Fundamental rights constrain society from intruding on those rights.
What is a small minority to do when its fundamental rights are violated other than look to the courts?
And now a moment for theology
Hamel-Smith: “I come from a Christian tradition and think of ‘what you do for the least of my children . . .”
[From Matthew 25: 31-46, in which the Son of Man says, “Truly I tell you, whatever you did for one of the least of these brothers and sisters of mine, you did for me.” (New International Version)]
Hamel-Smith: “If this minority is not the least of my children, who is?”
Chief Justice Kenneth Benjamin: “Can we have less theology and more case?”
Right to privacy
The defendant asks “Where is the right in the constitution to homosexual sex.”
They claim no privacy right engaged by homosexual sex, but offer no support or evidence for this.
Fortunately for the court, Belize constitution contains a clear fundamental right to privacy.
The only way a fundamental right can be breached is if it is REQUIRED for public morality, and must be evaluated as such.
We are not talking of public behavior, but private.
Specificity is required of any law, and particularly where there is criminality attached to it. It’s a high standard.
Homosexuality: ‘normal variant’ or ‘unnatural’?

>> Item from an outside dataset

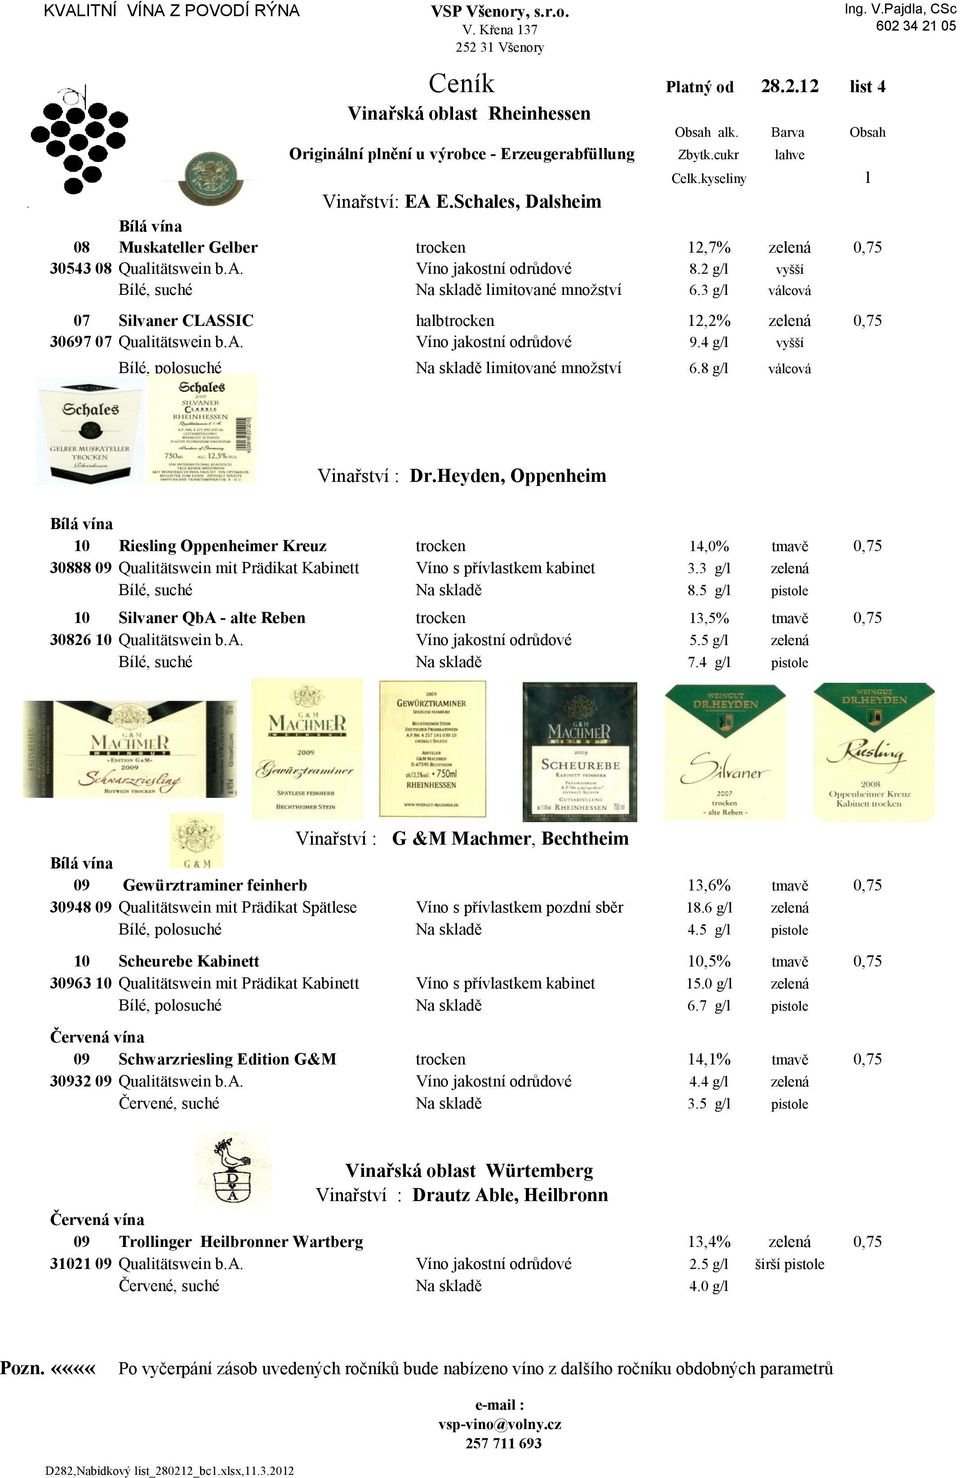 3 g/l válcová 07 Silvaner CLASSIC halbtrocken 12,2% zelená 0,75 30697 07 Qualitätswein b.a. Víno jakostní odrůdové 9.4 g/l vyšší Bílé, polosuché limitované množství 6.8 g/l válcová l Vinařství : Dr.

The evidence, expert evidence, all points to homosexuality as a normal variant or human sexuality.
The church counters with the assertion, not evidenced, that homosexuality is unnatural.

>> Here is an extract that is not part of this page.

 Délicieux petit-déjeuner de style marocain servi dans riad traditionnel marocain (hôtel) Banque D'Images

They are free to, the right to continue to hold that belief. They do not have the right to inject it into criminal law.
They are honest, sincere caring people who do good and have no animus in holding to a Biblical principle.
But the alpha and omega of the law is the constitution, not the Bible.

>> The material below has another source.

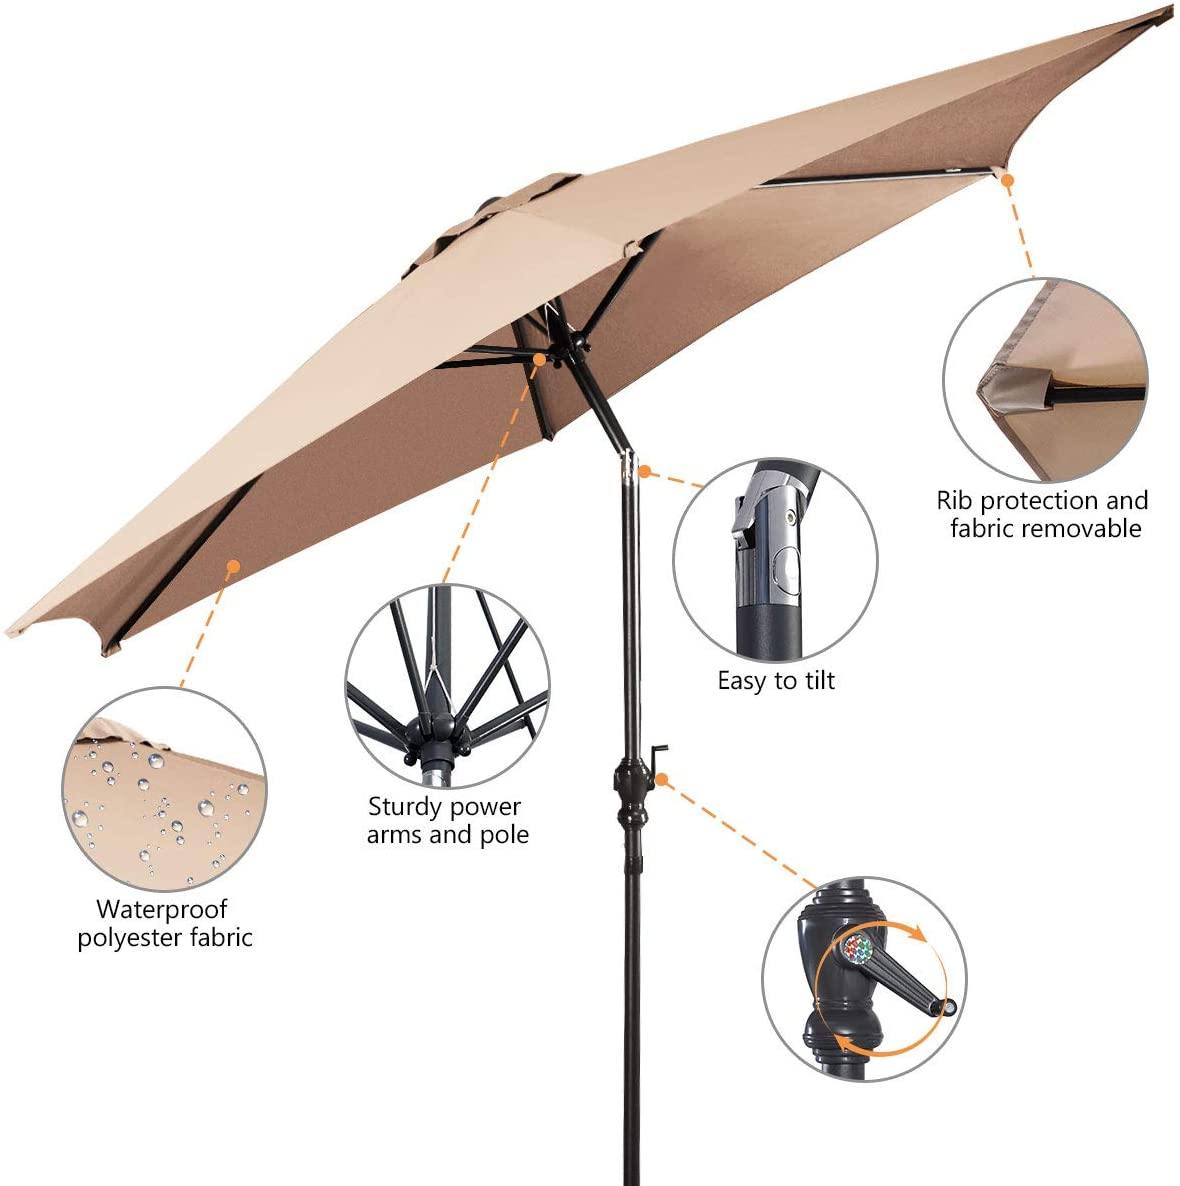 Giantex 9ft Patio Umbrella Outdoor, Market Table Umbrella w/ Push Button Tilt and Crank - Giantexus

S53 does nothing to affect public morality. It does nothing at all.
Belize obligations under treaty it signed
S53 is a violation of the International Covenant on Civil and Political Rights ICCPR (1966).
Whether this document [ICCPR] is right or wrong, Belize, as a sovereign nation read it and agreed to it.
This agreement said to the world “This is what we will insure that the people of Belize enjoy.”
They now say they don’t wish to be bound by foreign treaties or international law. Speak out of both sides of their mouths.
S53 is completely inconsistent with the ICCPR.
Adjourn for lunch. Chief Justice will present any questions he has at a brief afternoon session.
Back in court waiting to reconvene.
And the end begins.
Justice: I just want to inform that I have no questions.
Justice: Are there any housekeeping matters to attend to? (no response) Court adjourns.